Andrew Fiddle opened his presentation by indicating that there is quite a bit of overlap between his experience and Doug’s. Wordpress was not even in the market initially. You do not have to be 1 st to succeed. Anyone can tranlate Wordpress anywhere; all contributions are meaningful; this creates evangelists in local communities; they were able to grow the platform with no marketing. The company has about 300 people, but only 6 or 7 business people. Their model supports open source projects as well as providing turn key hosted option for people; the turn key model is the same for everyone thus they have one software set and one infrastructure, they can scale things fluidly. On the support side, they organize a community of events around Wordpress . Word camps are accessible and cheap and focus on how to use the open source project, providing peer-to-peer support.
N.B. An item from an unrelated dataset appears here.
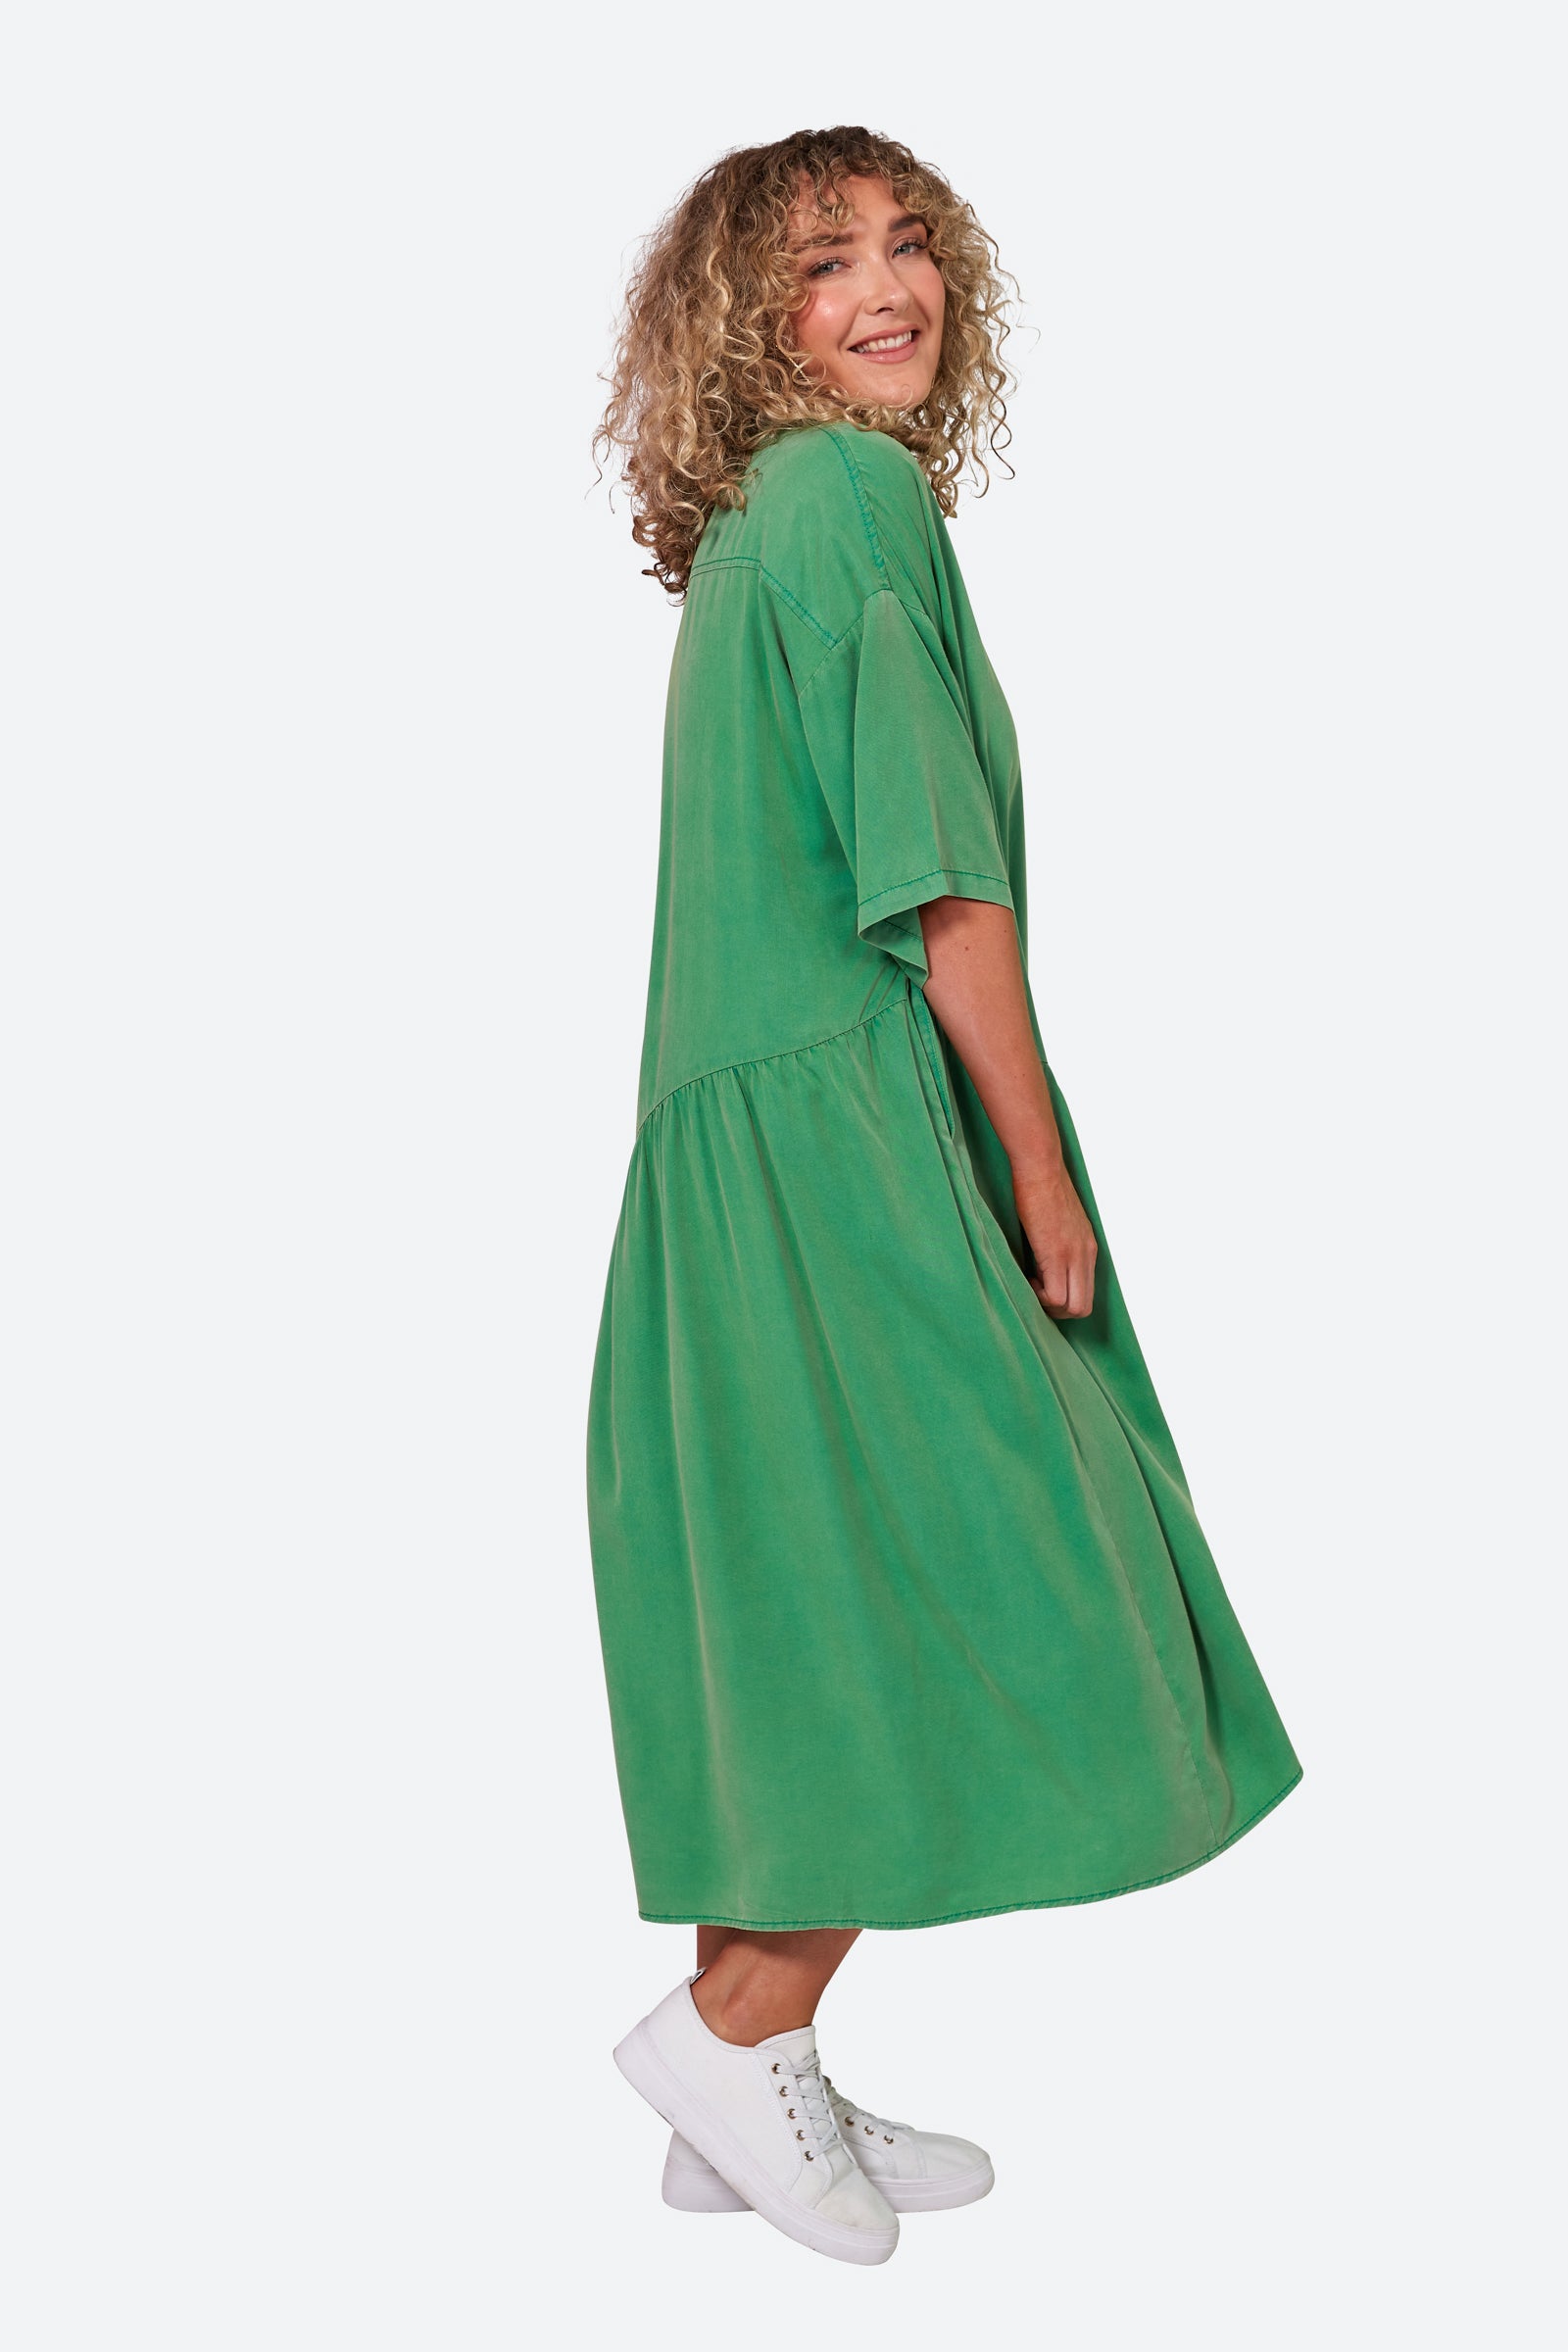 Elan Shirt Dress - Meadow - eb&ive Clothing - Shirt Dress One Size

Having an open source as well as corporate platform allows things to flow both ways.

Software is beta tested on wordpress.com, before releasing on the free side.

Questions/Answers:

Q Your main message is dual life (free and commercial); do you see any change in the cloud approach?

A – Wordpress only has one license; if someone makes changes and redistributes publicly, they must use the same license. Regarding cloud services, strategically hosting as a service is less of a distinguishing factor, but rather how the hosting is handling computational or labor intensive work; he notes that they are behind re mobile applications.

A _ Doug agrees. Now the focus is on how to make your applications mobily diverse; how about computationally performance; as of 2 years ago 60 to 70% of the customers were interested in cloud solutions.

In conclusion to the panel, Stefano Nativi stressed that many of the projects from

RDA participants are funded with public money. How we can move to a mix of solutions; he closes this part of the meeting and return to the agenda. He gives a few slides on the brokering concept (see charts), and then addresses each of the 3 work packages (business model, agreements, and use cases/adopters), and introduces the leads/co-leads for the agreement (Rebecca Kostela), and use case (Erin Robinson and Mattia Santoro) work packages. He briefly mentions the Hack-a-Thon, which he considers as part of the third work packages; He noted that ICSU/WDS is interested in other hack-a-Thon to test interoperability between brokers. There was more

discussion on sustainability. Michael Diepenbock and Wim Hugo ask: if the semicommercial model fails, can the government step in?

There is a challenge when the framework does not belong to either the provider or the user.